▸ Task to carry out
The full listing, copied exactly and free of pictures, is the expected reply.

▸ Material provided

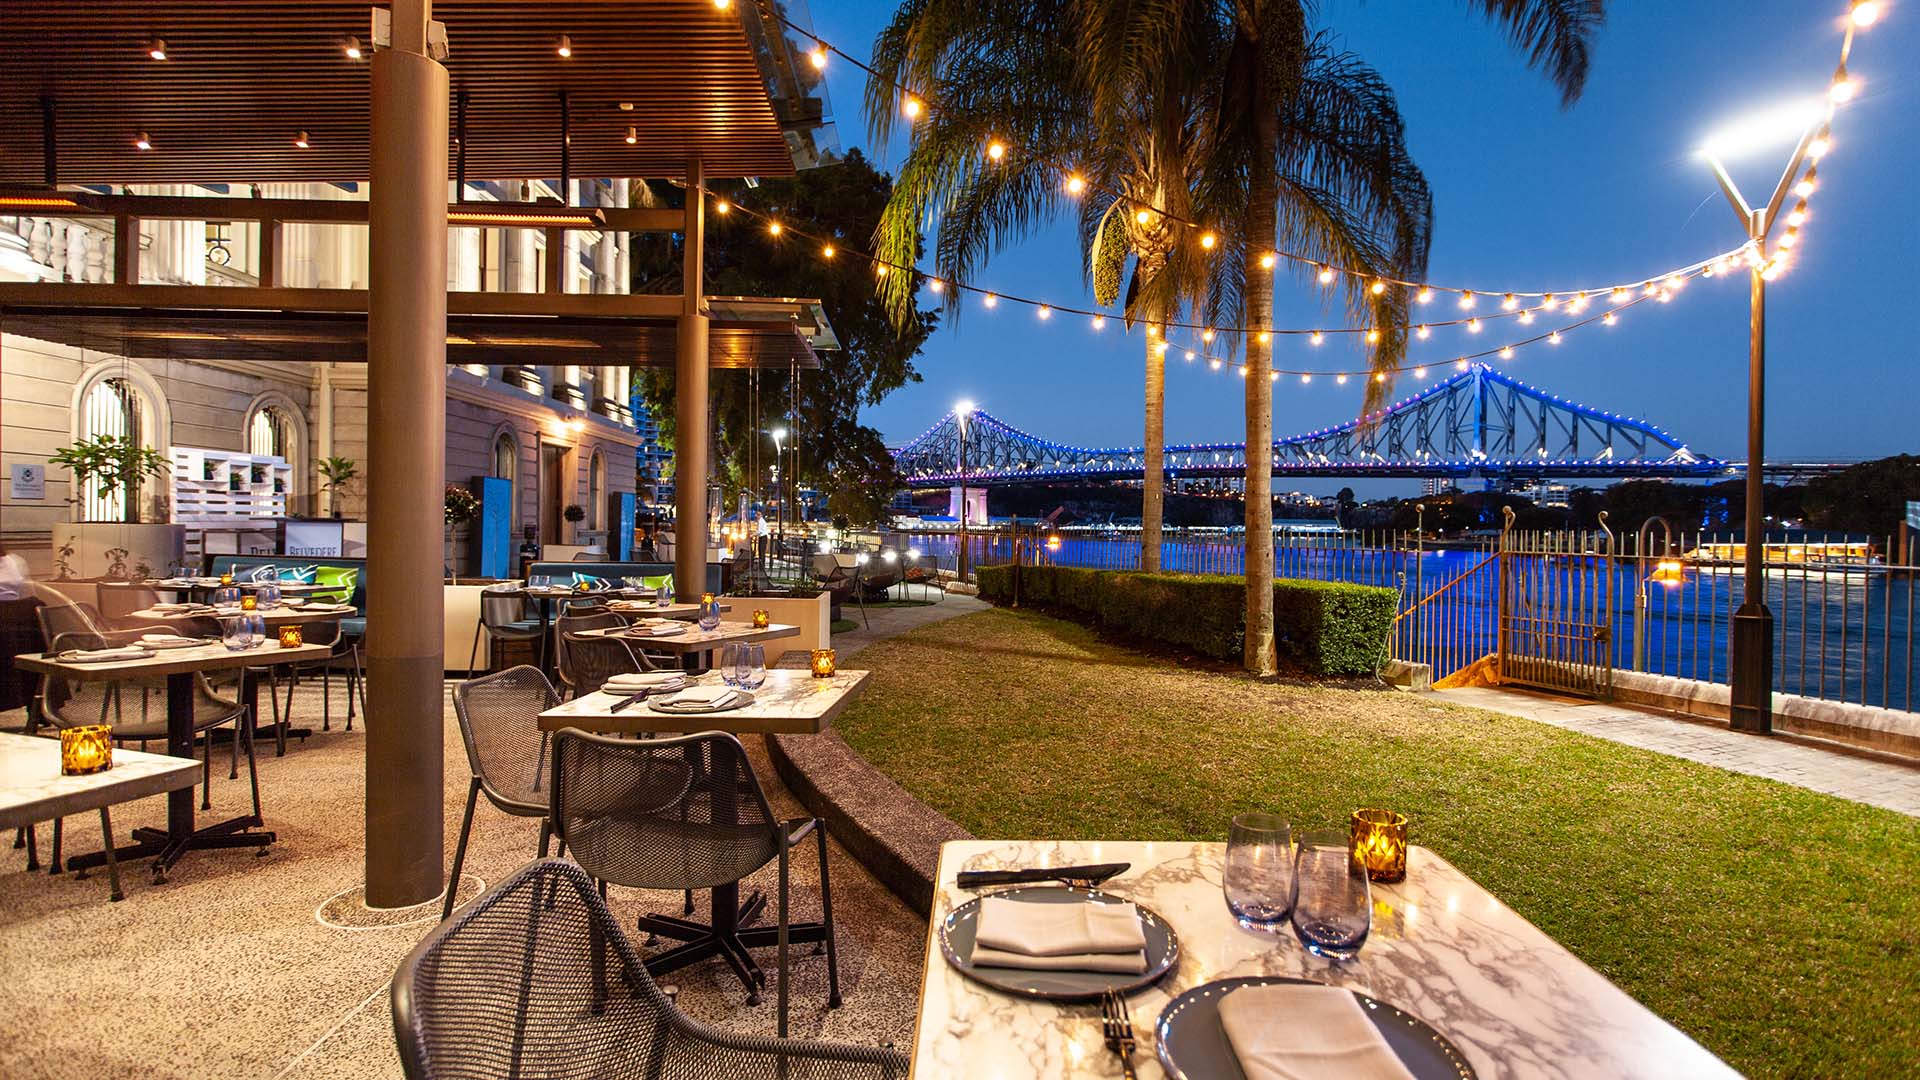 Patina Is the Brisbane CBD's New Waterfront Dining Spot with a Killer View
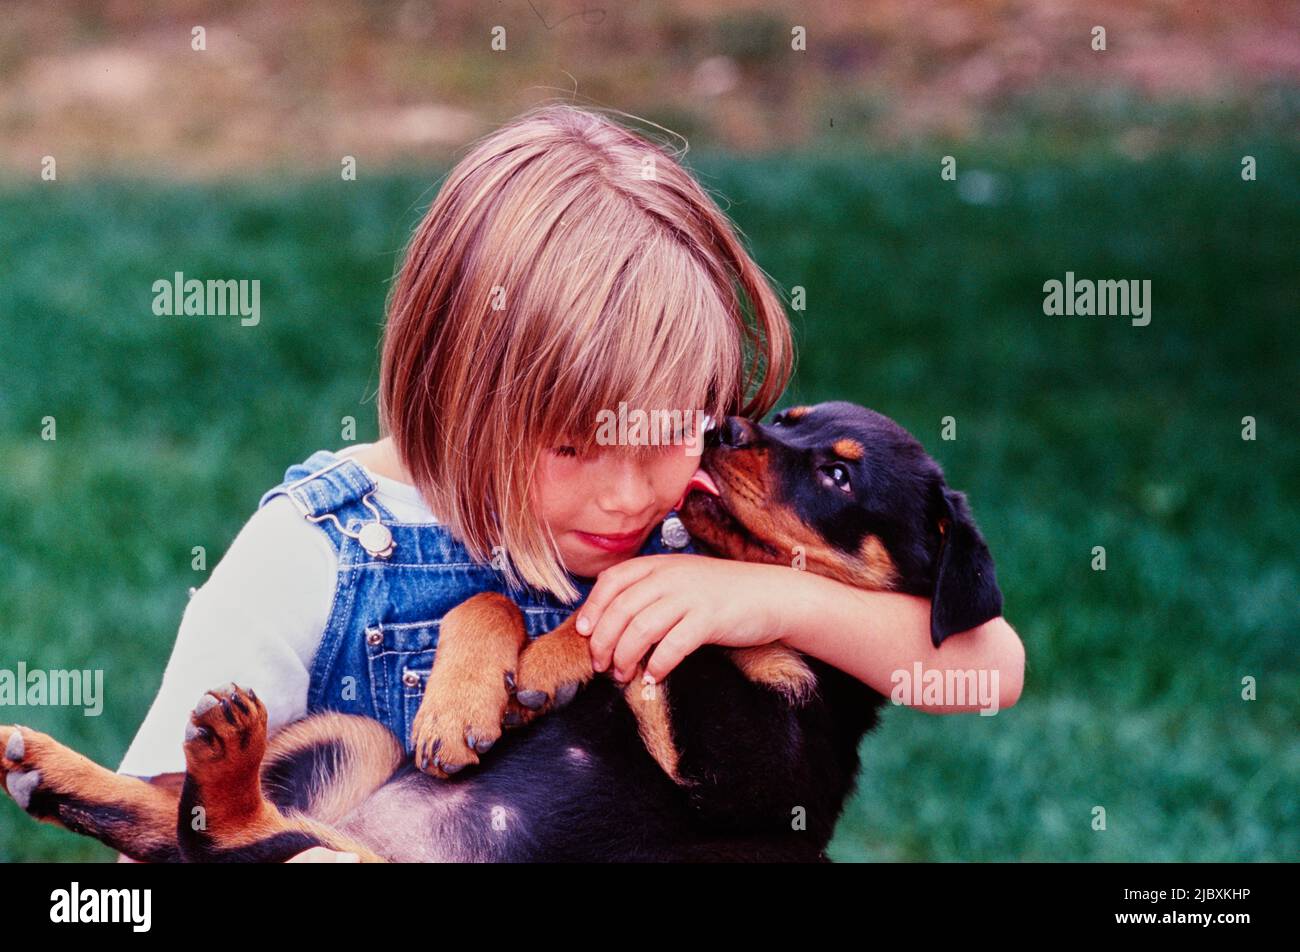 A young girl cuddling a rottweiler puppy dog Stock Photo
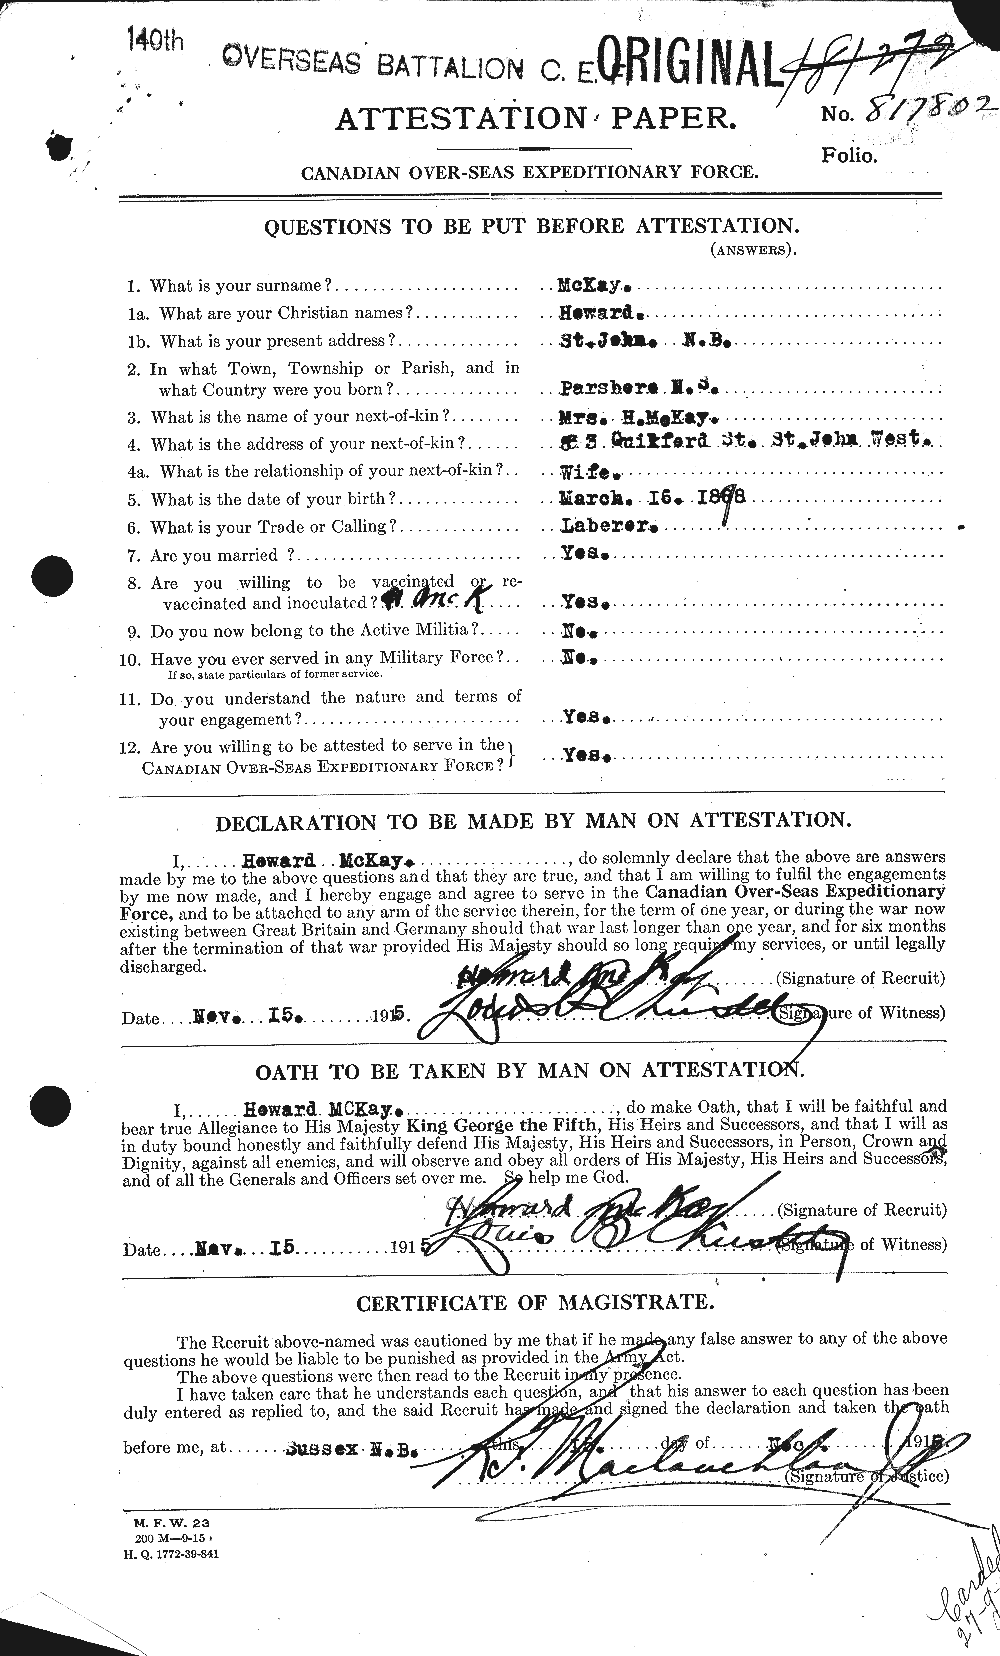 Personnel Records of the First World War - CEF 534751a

▸ Result for this exercise
 Patina Is the Brisbane CBD's New Waterfront Dining Spot with a Killer View
 A young girl cuddling a rottweiler puppy dog Stock Photo
 Personnel Records of the First World War - CEF 534751a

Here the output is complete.